S-100 are small dimeric acidic calcium and zinc-binding proteins [1] abundant in the brain. They have two different types of calcium-binding sites: a low affinity one with a special structure and a 'normal' EF-hand type high affinity site. The vitamin-D dependent intestinal calcium-binding proteins (ICaBP or calbindin 9 Kd) also belong to this family of proteins, but it does not form dimers. In the past years the sequences of many new members of this family have been determined (for reviews see [2,3,4]); in most cases the function of these proteins is not yet known, although it is becoming clear that they are involved in cell growth and differentiation, cell cycle regulation and metabolic control. These proteins are:

• Calcyclin (Prolactin receptor associated protein (PRA); clatropin; 2a9; 5B10; S100A6).
• Calpactin I light chain (p10; p11; 42c; S100A10).

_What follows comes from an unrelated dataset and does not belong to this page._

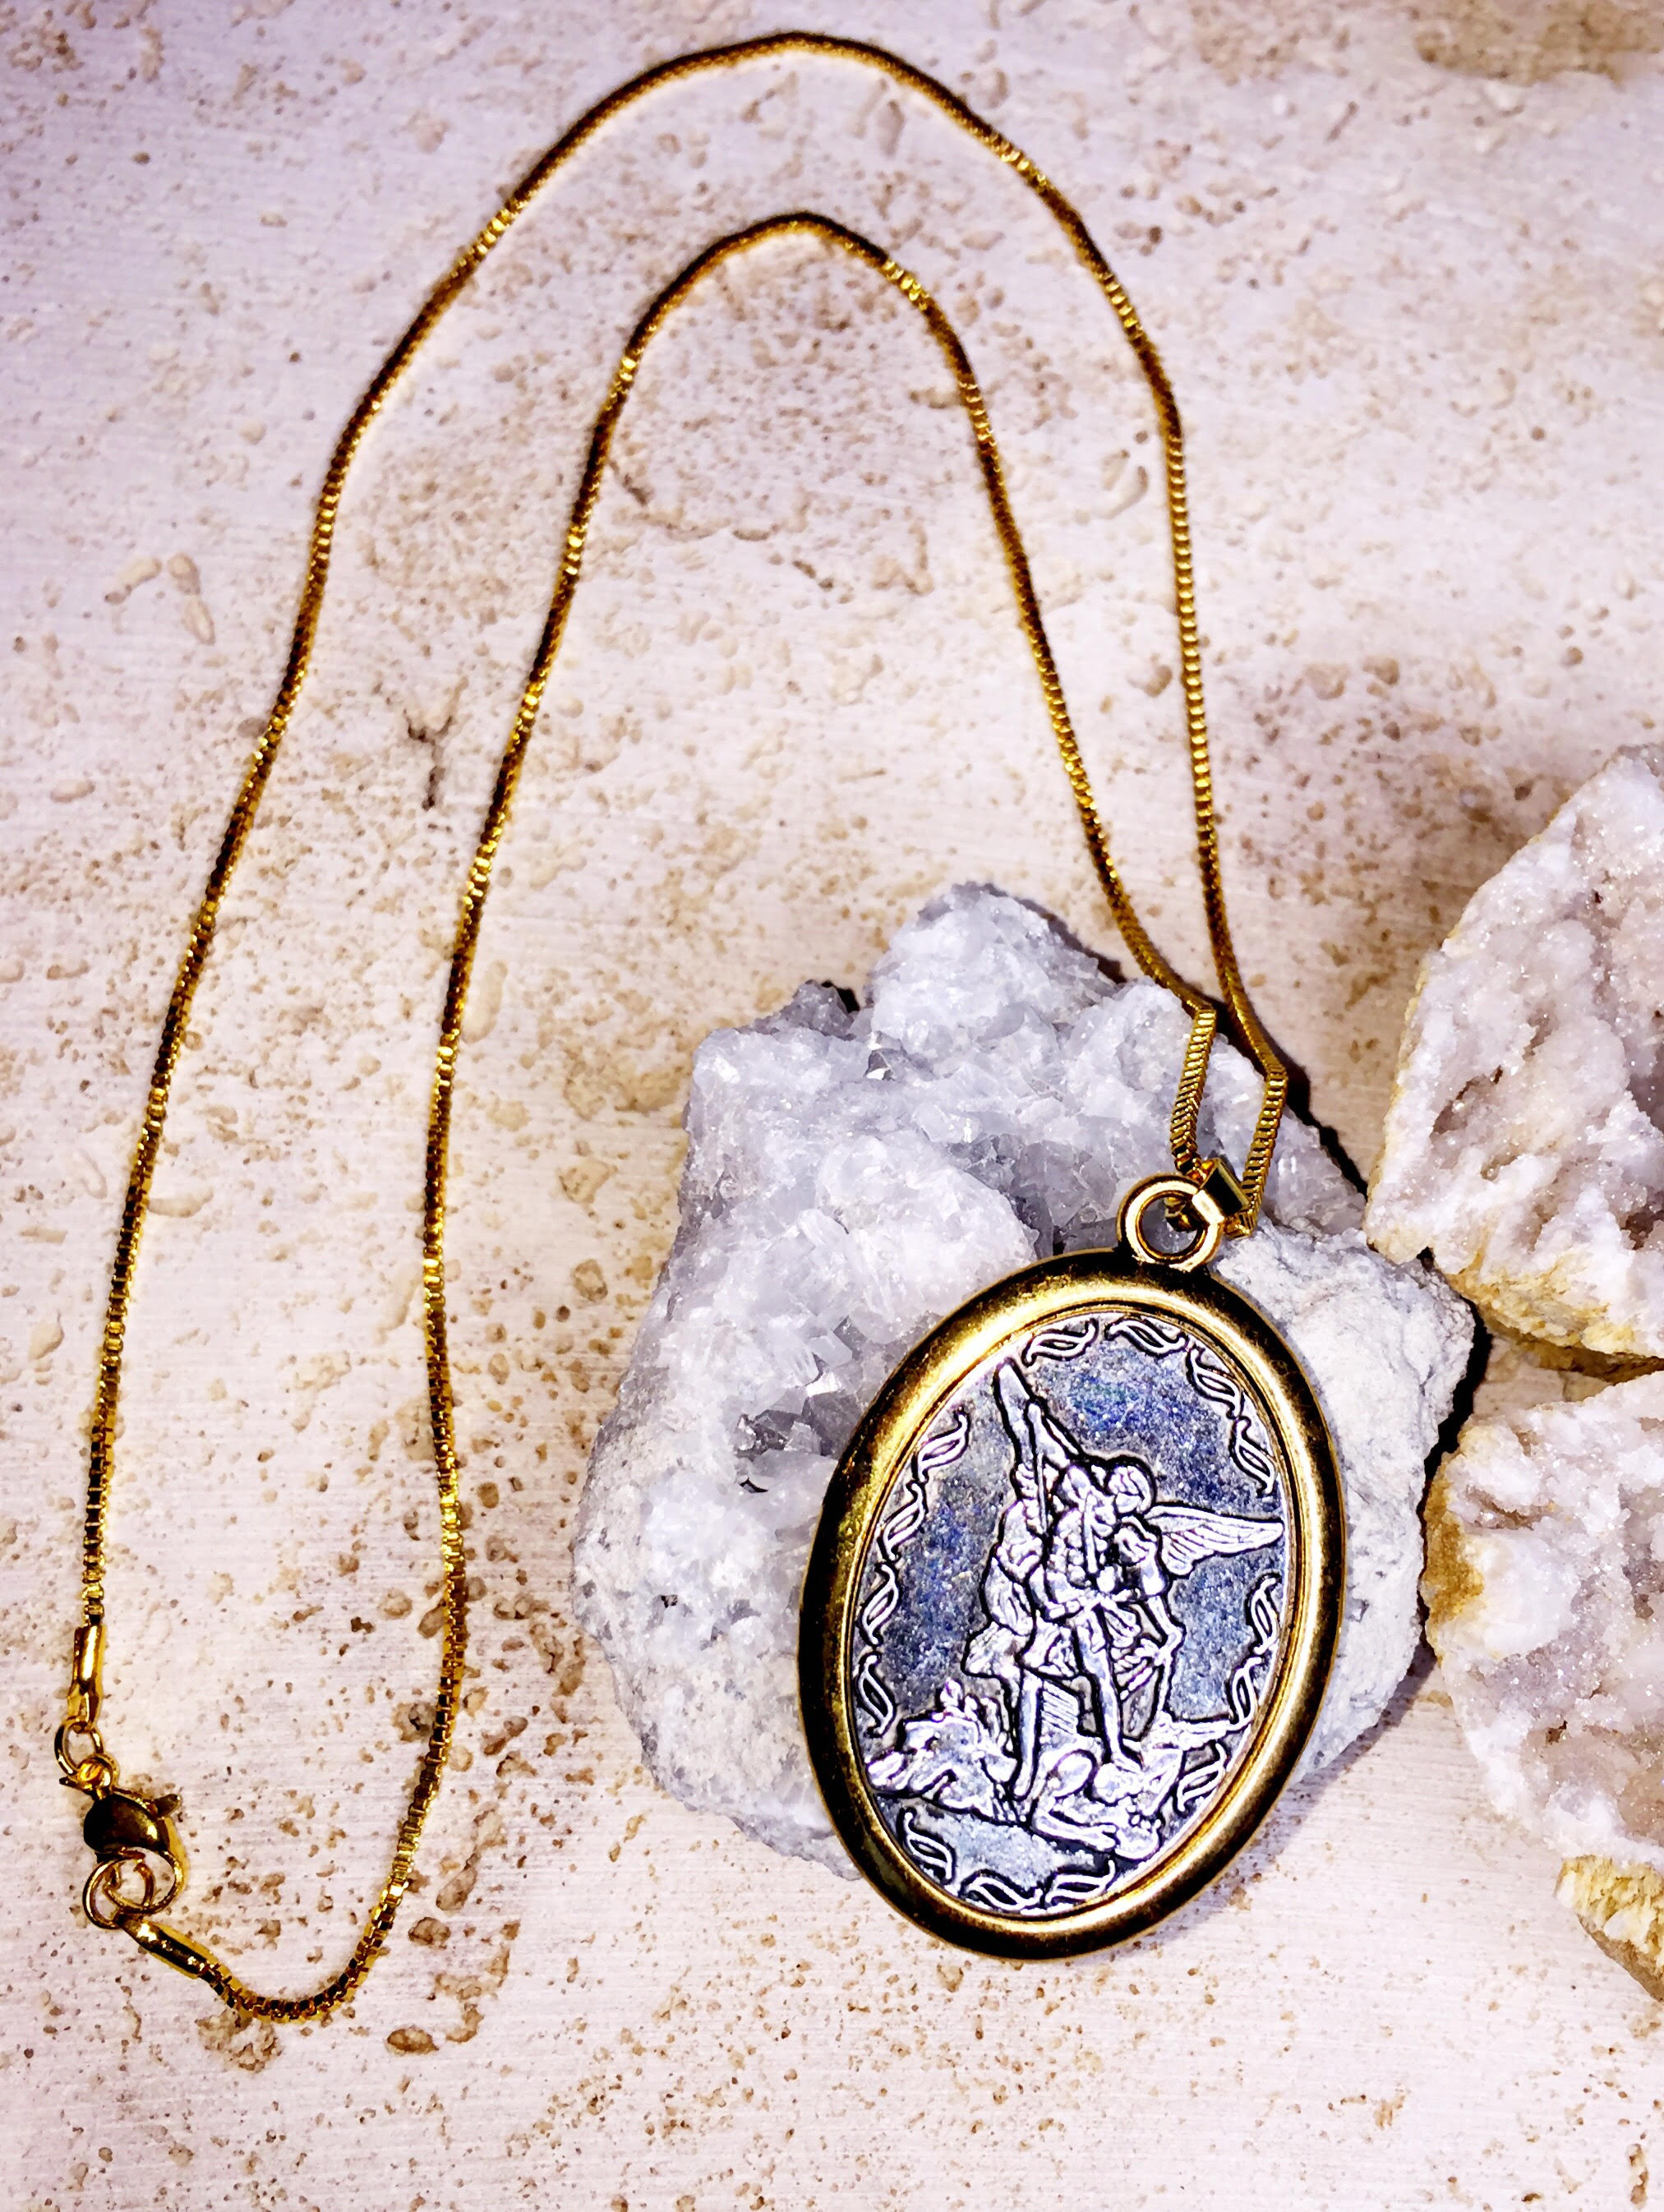 Archangel Michael Necklace Protection (Blessed)

• Calgranulin A (cystic fibrosis antigen (CFAg); MIF related protein 8 (MRP- 8); p8; S100A8).
• Calgranulin B (MIF related protein 14 (MRP-14); p14; S100A9).
• Calgranulin C.
• Calgizzarin (S100C).
• Placental calcium-binding protein (CAPL) (18a2; peL98; 42a; p9K; MTS1; metastatin; S100A4).

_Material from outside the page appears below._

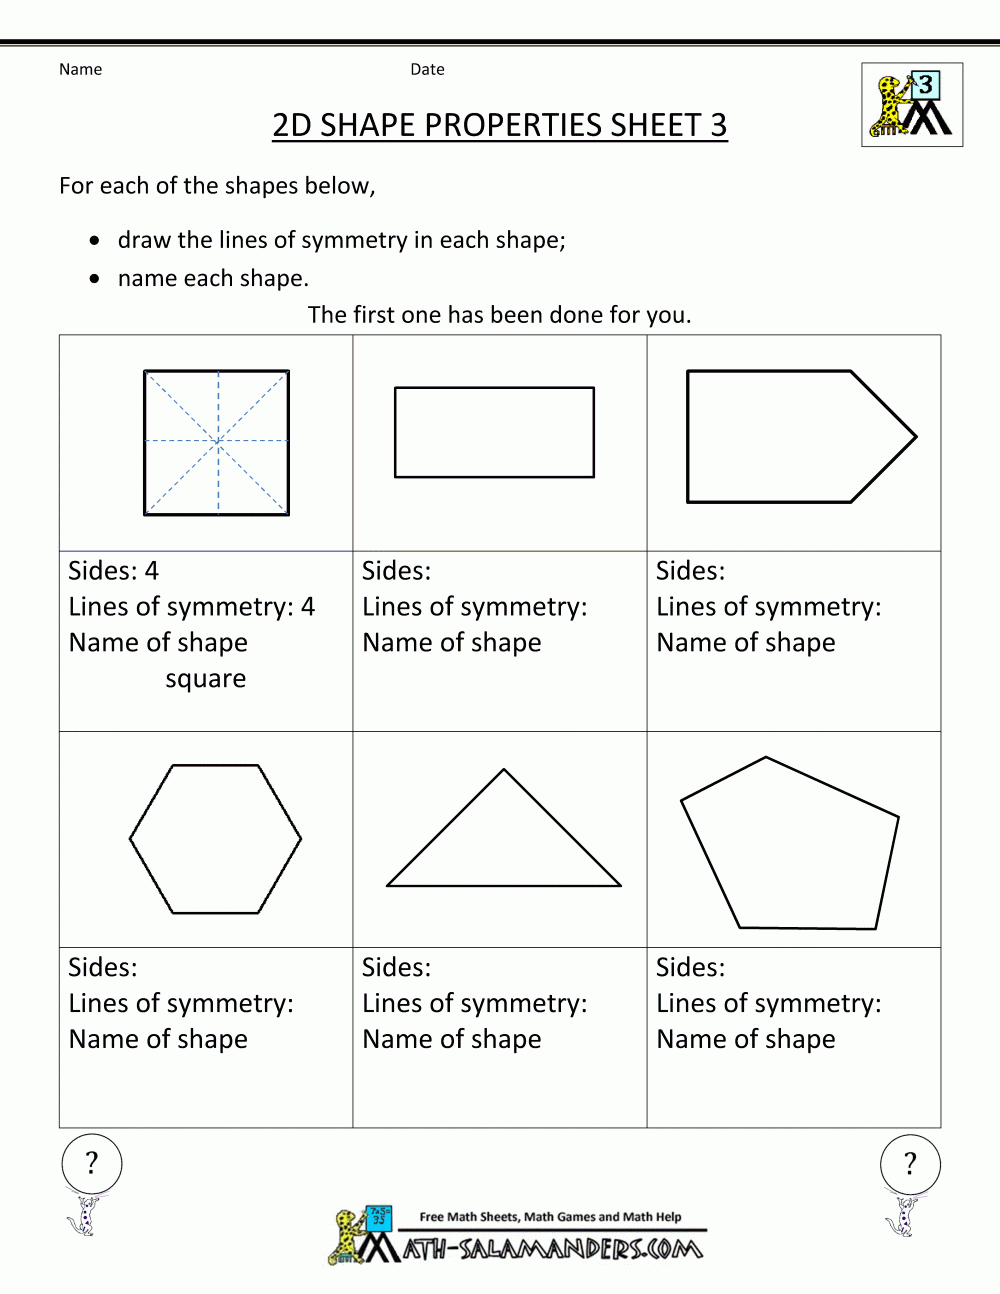 3Rd Grade Geometry Worksheets throughout Free Printable Geometry Worksheets For 3Rd Grade

• Protein S-100D (S100A5).
• Protein S-100E (S100A3).
• Protein S-100L (CAN19; S100A2).
• Placental protein S-100P (S100E).
• Psoriasin (S100A7).
• Chemotactic cytokine CP-10 [5].
• Protein MRP-126 [6].
• Trichohyalin [7]. This is a large intermediate filament-associated protein that associates with keratin intermediate filaments (KIF); it contains a S- 100 type domain in its N-terminal extremity.

A number of these proteins are known to bind calcium while others are not (p10 for example). Our EF-hand detecting pattern (see <PDOC00018>) will fail to pick those proteins which have lost their calcium-binding properties. We developed a pattern which unambiguously picks up proteins belonging to this family. This pattern spans the region of the EF-hand high affinity site but makes no assumptions on the calcium-binding properties of this site.